Getting Started with Airflow and OpenLineage+Marquez
In this example, we'll walk you through how to enable Airflow DAGs to send lineage metadata to Marquez using OpenLineage.
You’ll Learn How To:
- configure Airflow to send OpenLineage events to Marquez
- write OpenLineage-enabled DAGs
- troubleshoot a failing DAG using Marquez
Table of Contents
- Step 1: Configure Your Astro Project
- Step 2: Add Marquez Services Using Docker Compose
- Step 3: Start Airflow with Marquez
- Step 4: Write Airflow DAGs
- Step 5: View Collected Metadata
- Step 6: Troubleshoot a Failing DAG with Marquez
Prerequisites
Before you begin, make sure you have installed:
Note: We recommend that you have allocated at least 2 CPUs and 8 GB of memory to Docker.

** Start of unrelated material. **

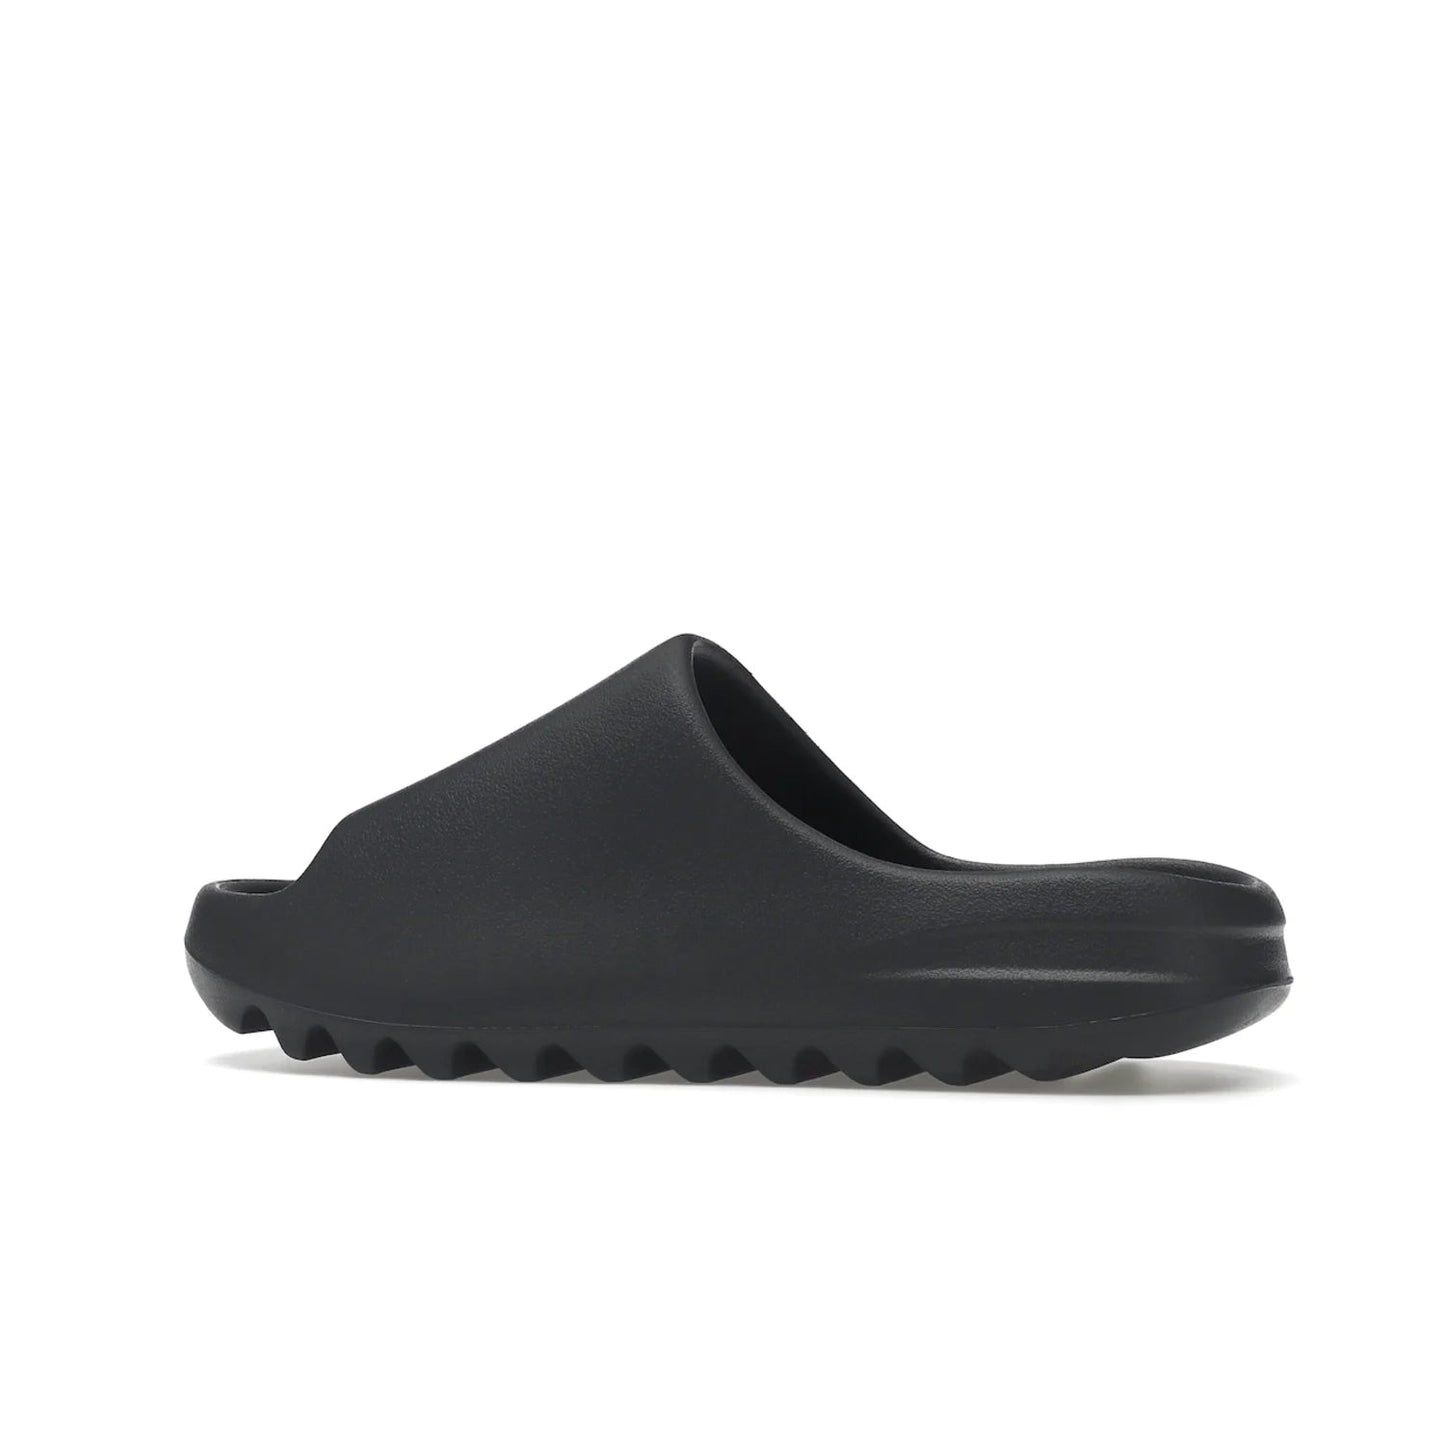 adidas Yeezy Slide Slate Grey - Image 21 - Only at www.BallersClubKickz.com - Stylish & comfortable adidas Yeezy Slide Slate Grey features an EVA foam upper, strategic cutouts, textured outsole pattern, & easy slip-on design for modern comfort & classic style.

Configure Your Astro Project
Use the Astro CLI to create and run an Airflow project locally that will integrate with Marquez.
-
In your project directory, create a new Astro project:
$ ..
$ mkdir astro-marquez-tutorial && cd astro-marquez-tutorial
$ astro dev init -
Using curl, change into new directory
docker
and download some scripts required by Marquez services:$ mkdir docker && cd docker
$ curl -O "https://raw.githubusercontent.com/MarquezProject/marquez/main/docker/{entrypoint.sh,wait-for-it.sh}"
$ ..After executing the above, your project directory should look like this:
$ ls -a
. Dockerfile packages.txt
.. README.md plugins
.astro airflow_settings.yaml requirements.txt
.dockerignore dags tests
.env docker
.gitignore include -
Add the OpenLineage Airflow Provider and the Common SQL Provider to the requirements.txt file:
apache-airflow-providers-common-sql==1.7.2
apache-airflow-providers-openlineage==1.1.0For details about the Provider and its minimum requirements, see the Airflow docs.
-
To configure Astro to send lineage metadata to Marquez, add the following environment variables below to your Astro project's
.env
file:OPENLINEAGE_URL=http://host.docker.internal:5000
OPENLINEAGE_NAMESPACE=example
AIRFLOW_CONN_EXAMPLE_DB=postgres://example:example@host.docker.internal:7654/exampleThese variables allow Airflow to connect with the OpenLineage API and send events to Marquez.
-
It is a good idea to have Airflow use a different port for Postgres than the default 5432, so run the following command to use port 5678 instead:
astro config set postgres.port 5678
-
Check the Dockerfile to verify that your installed version of the Astro Runtime is 9.0.0+ (to ensure that you will be using Airflow 2.7.0+).
For example:
FROM quay.io/astronomer/astro-runtime:9.1.0
Add Marquez and Database Services Using Docker Compose
Astro supports manual configuration of services via Docker Compose using YAML.
Create new file docker-compose.override.yml
in your project and copy/paste the following into the file:
version: "3.1"
services:
web:
image: marquezproject/marquez-web:latest
container_name: marquez-web
environment:
- MARQUEZ_HOST=api
- MARQUEZ_PORT=5000
ports:
- "3000:3000"
depends_on:
- api
db:
image: postgres:14.9
container_name: marquez-db
ports:
- "6543:6543"
environment:
- POSTGRES_USER=marquez
- POSTGRES_PASSWORD=marquez
- POSTGRES_DB=marquez
example-db:
image: postgres:14.9
container_name: example-db
ports:
- "7654:5432"
environment:
- POSTGRES_USER=example
- POSTGRES_PASSWORD=example
- POSTGRES_DB=example
api:
image: marquezproject/marquez:latest
container_name: marquez-api
environment:
- MARQUEZ_PORT=5000
- MARQUEZ_ADMIN_PORT=5001
ports:
- "5000:5000"
- "5001:5001"
volumes:
- ./docker/wait-for-it.sh:/usr/src/app/wait-for-it.sh
links:
- "db:postgres"
depends_on:
- db
entrypoint: ["/bin/bash", "./wait-for-it.sh", "db:6543", "--", "./entrypoint.sh"]
redis:
image: bitnami/redis:6.0.6
environment:
- ALLOW_EMPTY_PASSWORD=yes
The above adds the Marquez API, database and Web UI, along with an additional Postgres database for the DAGs used in this example, to Astro's Docker container and configures them to use the scripts in the docker
directory you previously downloaded from Marquez.